Tough race so far for Bas Koeten Racing 
The Dutch team probably couldn’t have predicted that, as its eponymous Audi RS3 LMS (#125) was being pushed off the grid during the formation lap, the floodgates had just creaked open.
Admittedly Bas Koeten Racing managed to re-fire the Audi on pit road, and though the RS3 was now plumb lost, it was still on the lead lap at least. Solid double stints from Erics Lo and Kwong even meant the #125 was running 7th as the third hour ticked by. Heading into the night stages though, Kwong was unceremoniously punted off-track by an overly ambitious move from Chris Allen in the Ferda Automotive Audi (more on that in a second). Cue an extended period in the garage for a good long look at the right rear wheel hub and repairs to a badly dented rear panel. Back out, and now running outside the top 10, the Audi lost even more time when it ground to halt on the exit of Raidillon 5.5hrs in.
With NKPP having already made a high profile exit from the race – “we’re not in the business of crashing” explained an understandably frustrated Bas Koeten to’s Dianna Binks – it was now the turn of the TOPCAR Racing-branded CUPRA TCR.
This one had to sting. A brilliant opening stint by newly crowned 24H TCE SERIES Continents Drivers’ champion Fabian Danz meant the CUPRA had scythed through the field from 7th and was running comfortably in 2nd place and slowly closing the gap to the leading Red entry before mechanical problems cost the Dutch team close to 15 minutes in the garage.
Character-building race for Ferda Autosport By QSR Racing 
Much like Bas Koeten Racing, Ferda Autosport’s Spa weekend has been one of highs and lows. Coming into the race, the #54 Audi RS3 LMS had already missed official Night Practice thanks to an electrical problem, and though the team was confident the problem had been alleviated, few could miss the Audi being pushed into its starting grid with crossed fingers.  
Problems started to unravel quickly. A slow pit stop was blamed on the right front wheel that refused to budge from its mounting pins, yet more damage being done to the hub when Chris Allen suffered a puncture on the same corner of the car. A few laps later came his unfortunate clash with the Bas Koeten Audi.
Were that not enough, Jon Miller, who’s pace had been enough to actually put the Ferda Autosport RS3 into the lead for one lap during the opening pit stop shuffle, complained of a problem with the ABS. Disappearing into the garage after 127 laps, the fated Audi has yet to resurface.
The turn 15 gravel trap magnet 
So far the TCR SPA 500 has spent just under an hour under Code 60 caution amassed through eight different incidents. On a track as challenging as Spa-Francorchamps, that could hardly be considered surprising. Admittedly though, the three most recent purple patches did raise one or two eyebrows.  

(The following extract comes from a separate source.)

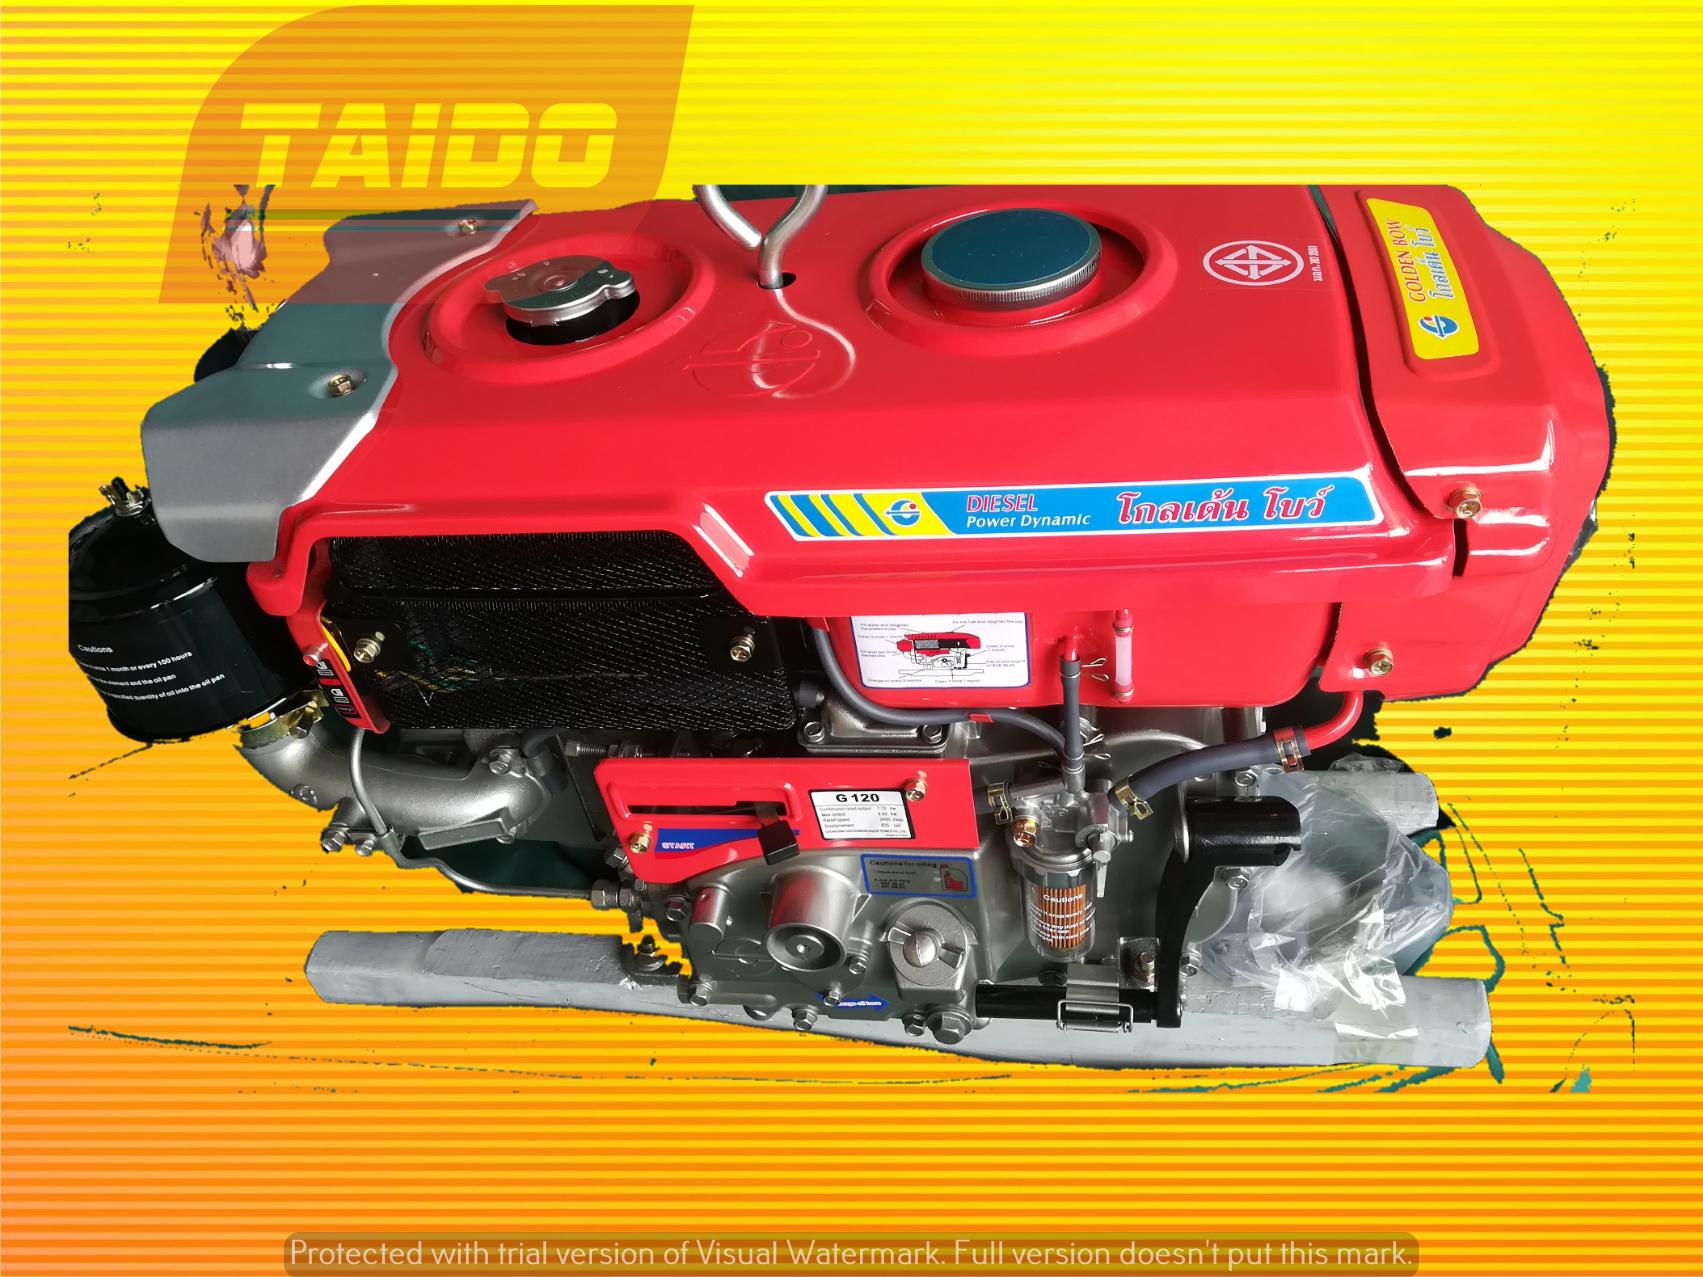 Golden Bow G120 Diesel Engine 12HP Diesel Engine Penang Malaysia

Just after hour seven, Ferda Autosport – yep, really not their weekend so far – seemingly, though not yet officially, ended their weekend in the turn 15 gravel trap. An hour later, the #852 Teamwork Huff Audi RS3 LMS made its first trip into the kitty litter while Sunny Won Yat Shing was running 9th, but was recovered to the pits shortly afterwards. Bizarrely, just 10 minutes later, the sister #22 entry bearing the name of the 2012 World Touring Car Champion also disappeared nose first into the same gravel trap, almost in sympathy, and shortly after the car had received a brand new pair of brake pads. A notable blow, as this time the #22, which had been running in the top eight, spent 40 minutes in the garage in the aftermath.
These, regrettably, were not the first issues for Teamwork Huff this weekend either. Sunny Wong (oops!) lost the #852 Audi under braking into Les Combes during qualifying, and Rainey He had been running in the top 10 before a drive issue forced him to tour back to the pitlane after the second hour.
Experiencing new levels of stress at “probably the biggest 24-hour race we’ve done”, team principal Rob Huff, at least, still has both chargers on-track heading into the final half of the TCR SPA 500.